Parathyroid adenoma is the most common cause of primary hyperparathyroidism, accounting for around 80% of cases. It’s a benign tumour of the parathyroid glands, always occurs in only one of the four parathyroid glands. The remaining glands are normal in size or slightly smaller, due to feedback inhibition.

Parathyroid hyperplasia affects more than one glands, often affecting all four glands equally. It can be idiopathic or associated with multiple endocrine neoplasia. It accounts for approximately 15% of cases of primary hyperparathyroidism.

Parathyroid carcinoma is very rare (0,5% of cases). It is impossible to distinguish an adenoma from a carcinoma by histology; the diagnosis of carcinoma is based on the presence of metastasis and local invasion.

Secondary hyperparathyroidism is caused by chronic kidney disease, malnutrition, vitamin D deficiency. Tertiary hyperparathyroidism is caused by long-standing secondary hyperparathyroidism.


Abnormalities in two specific genes are commonly associated with sporadic parathyroid adenoma, namely Cyclin D1 inversion and MEN1 mutations. 20-30% of parathyroid tumors not associated with MEN-1 syndrome have acquired/somatic mutations in both copies of MEN-1 gene.

Clinical features

The consequences of primary hyperparathyroidism are the following:

  • Abdominal pain
  • Acute pancreatitis
  • Nephrolithiasis
  • Gall stones
  • Metastatic calcification – most commonly of the kidney (nephrocalcinosis)
  • Osteitis fibrosa cystica generalisata – tumor-like lesions of bones due to increased osteoclast activity
  • Bone pain

Differential diagnosis for hypercalcaemia

We should know the differential diagnosis for hypercalcaemia:

  • Primary hyperparathyroidism
  • Paraneoplastic syndrome – tumor produced parathyroid hormone-related peptide (PTHrP)
  • Vitamin D toxicity
  • Thiazide diuretics
  • Metastasis into bone
  • Multiple myeloma
  • Immobilization – which increases osteoclast activity

In all cases except primary and secondary hyperparathyroidism the level of PTH is decreased.
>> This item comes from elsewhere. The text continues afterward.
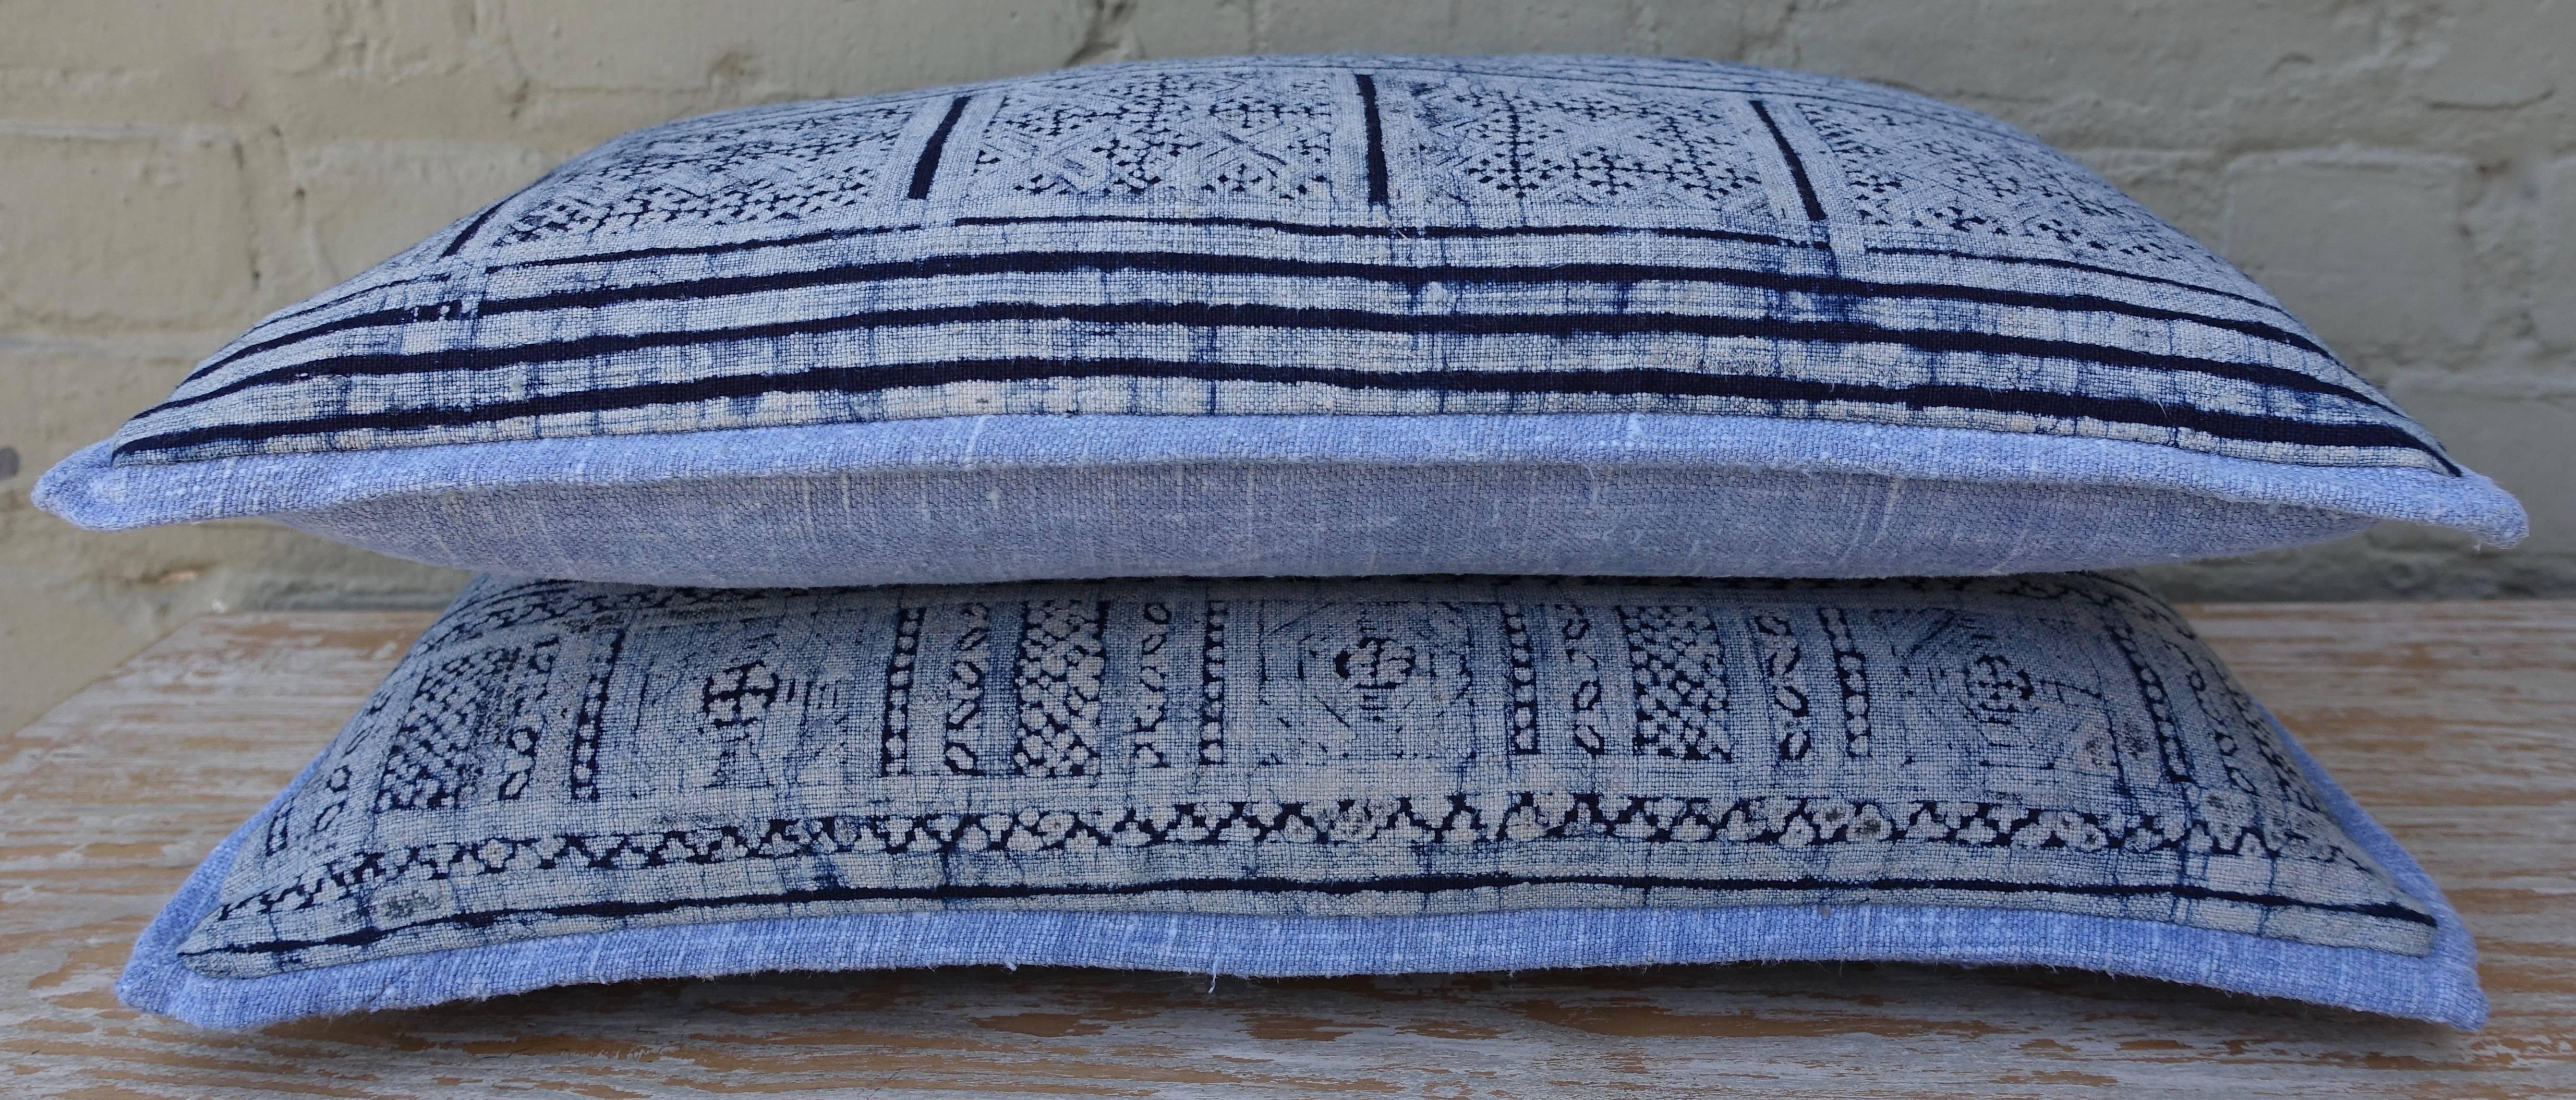 Cotton Navy and Light Blue Patterned Batik Pillows, Pair

Hypoparathyroidism is very rare. It’s most commonly due to surgical removal of the parathyroid glands during thyroid surgery, or due to autoimmune destruction. The result is hypocalcemia.

Multiple endocrine neoplasia

The multiple endocrine neoplasias (MEN) are autosomal dominant syndromes that increase the risk for certain hormone-producing neoplasias, to the point where they’re almost guaranteed to develop at least one of these neoplasms during their lifetime. They occur due to germ-line mutations in genes that are often involved in certain neoplasms. There are three types:

  • Multiple endocrine neoplasia type 1
    • Associated with mutations in the MEN1 gene
    • Increased risk for:
      • Pituitary adenoma
      • Pancreatic tumor
      • Parathyroid adenoma
  • Multiple endocrine neoplasia type 2a
    • Associated with mutations in the RET gene
    • Increased risk for:
      • Medullary thyroid carcinoma
      • Pheochromocytoma
      • Parathyroid adenoma
  • Multiple endocrine neoplasia type 2b
    • Associated with mutations in the RET gene
    • Increased risk for:
      • Medullary thyroid carcinoma
      • Pheochromocytoma
      • Marfanoid habitus – long limbs, tall stature

9 thoughts on “44. Pathology of the parathyroid glands (hyperplasia, adenoma, causes of hypoparathyreoidism). Multiple endocrine neoplasms”

  1. What do you mean by this sentence? Isn’t MEN 1 syndrome caused by MEN 1 gene mutation?
    “20-30% of parathyroid tumors not associated with MEN-1 syndrome have mutations in both copies of MEN-1 gene”

    1. These 20-30% of cases have acquired/somatic mutations in MEN1, not germline mutations. I.e., not all their cells have MEN1 mutations, only the tumour cells.

  2. hello greek doctor,
    in parathyriod abnormalities topic in pathophys, you mentioned that hypercalcaemia, never develops in secondary hyperparathyrioidism:
    ;In secondary hyperparathyroidism the calcium level is mostly normal.
    Hypercalcaemia does not develop.;
    then , how come secondary hayperparathyriodism , is DDx for hypercalcaemia in this topic?

    thanks alot.

  3. The title of the question says “causes of hypoparathyroidism” is there a reason why you don’t cover that at all?

    1. Whoops. You can study it in pathophys 2 topic 68 though. There’s not much to say about it so it shouldn’t be a big deal.